Einberufung der Generalversammlung

Für die Einberufung der Generalversammlung bestehen keine vom Gesetz abweichenden Regelungen. Die Einladungen erfolgen gemäss Statuten mindestens 20 Tage vor dem Versammlungstag. In der Einladung werden den Aktionären die Verhandlungsgegenstände sowie die Anträge des Verwaltungsrats und der Aktionäre bekannt gegeben, die die Traktandierung eines Verhandlungsgegenstands verlangt haben. Gemäss Statuten legt der Verwaltungsrat jeweils den Stichtag für die Eintragung von Aktionären im Aktienregister für die Stimmberechtigung an der Generalversammlung fest und gibt den Stichtag in der Einladung bekannt. In der Regel wird der Stichtag auf drei Arbeitstage vor dem Versammlungstag festgelegt. Ausserordentliche Generalversammlungen werden je nach Bedürfnis einberufen, insbesondere in den vom Gesetz vorgesehenen Fällen. Aktionäre, die mindestens den zehnten Teil des Aktienkapitals vertreten, können unter Angabe der Verhandlungsgegenstände und der Anträge jederzeit Einberufung verlangen.

Traktandierungsbegehren

Aktionäre, die Aktien im Nennwert von CHF 20 000 vertreten, können die Traktandierung eines Verhandlungsgegenstands verlangen. Die Frist für die Einreichung von Traktandierungsbegehren läuft sechs Wochen vor der Generalversammlung ab.

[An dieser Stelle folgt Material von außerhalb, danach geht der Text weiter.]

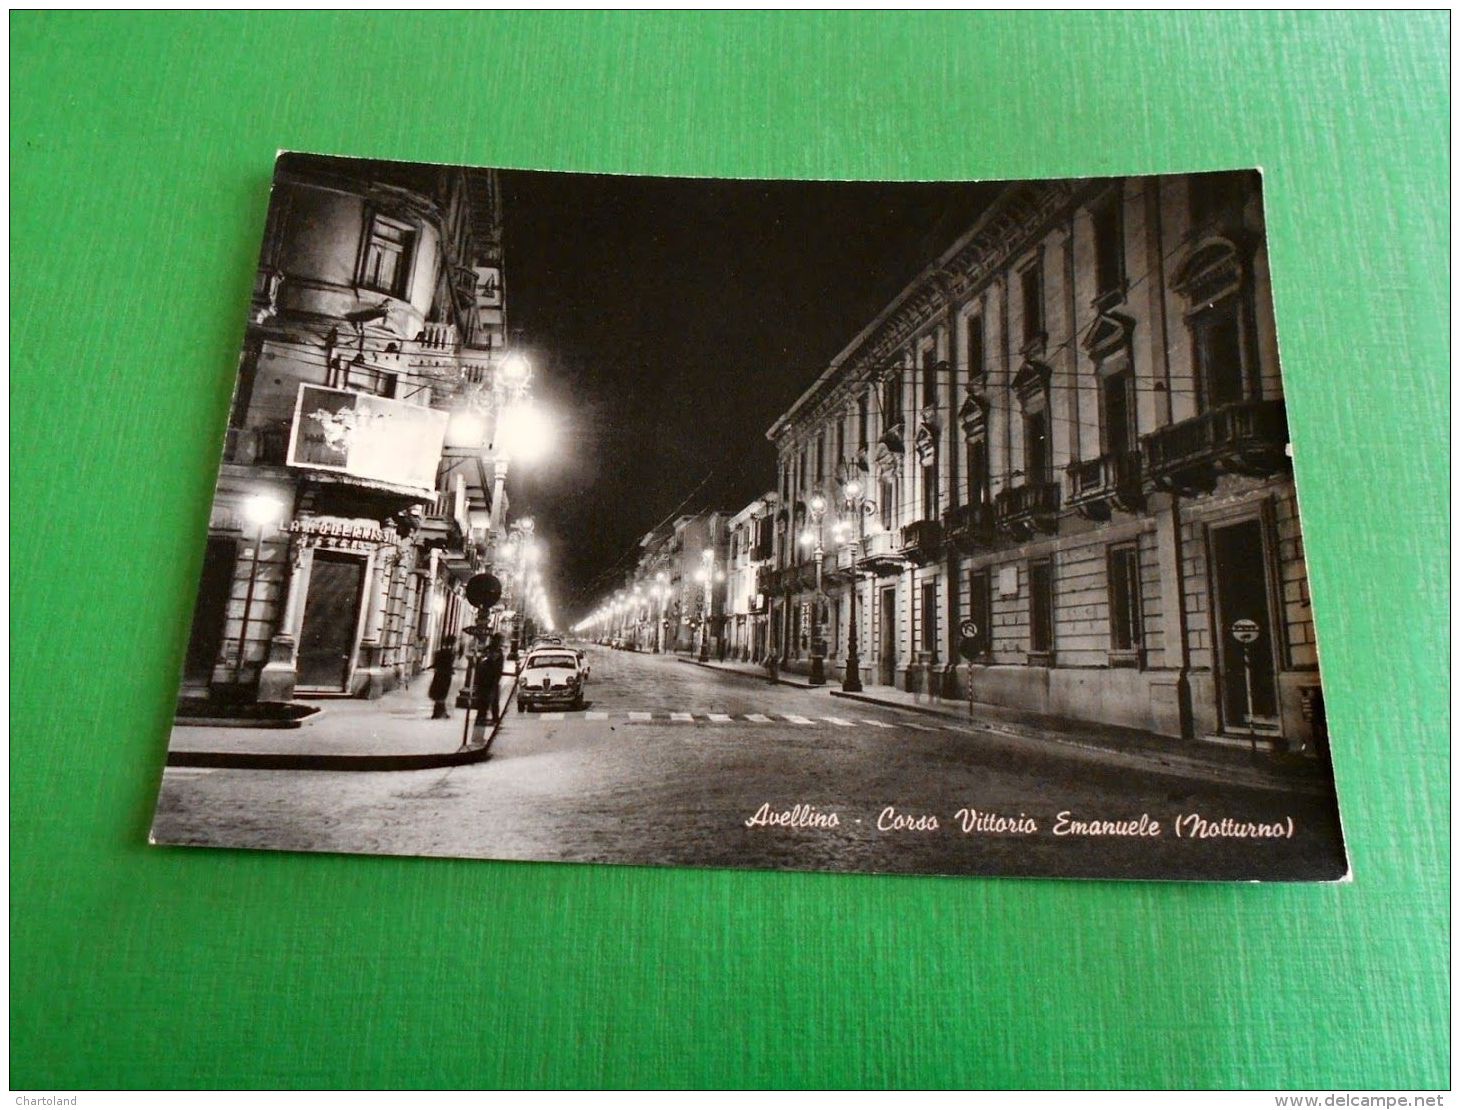 Cartolina Avellino - Corso Vittorio Emanuele ( Notturno ) 1960 Ca   #1 - Avellino

Angebotspflicht und Kontrollwechselklauseln

Die Generalversammlung vom 26. April 2005 hat eine Opting-up-Klausel mit einer Angebotspflicht ab 40% der Stimmrechte in die Statuten aufgenommen, wonach ein Erwerber von Aktien der Gesellschaft, bei Erreichen oder Überschreiten dieser Schwelle zu einem öffentlichen Kaufangebot nach dem Bundesgesetz über die Börse und den Effektenhandel verpflichtet ist. Es bestehen keine Kontrollwechselklauseln zugunsten der Mitglieder des Verwaltungsrats und der Konzernleitung.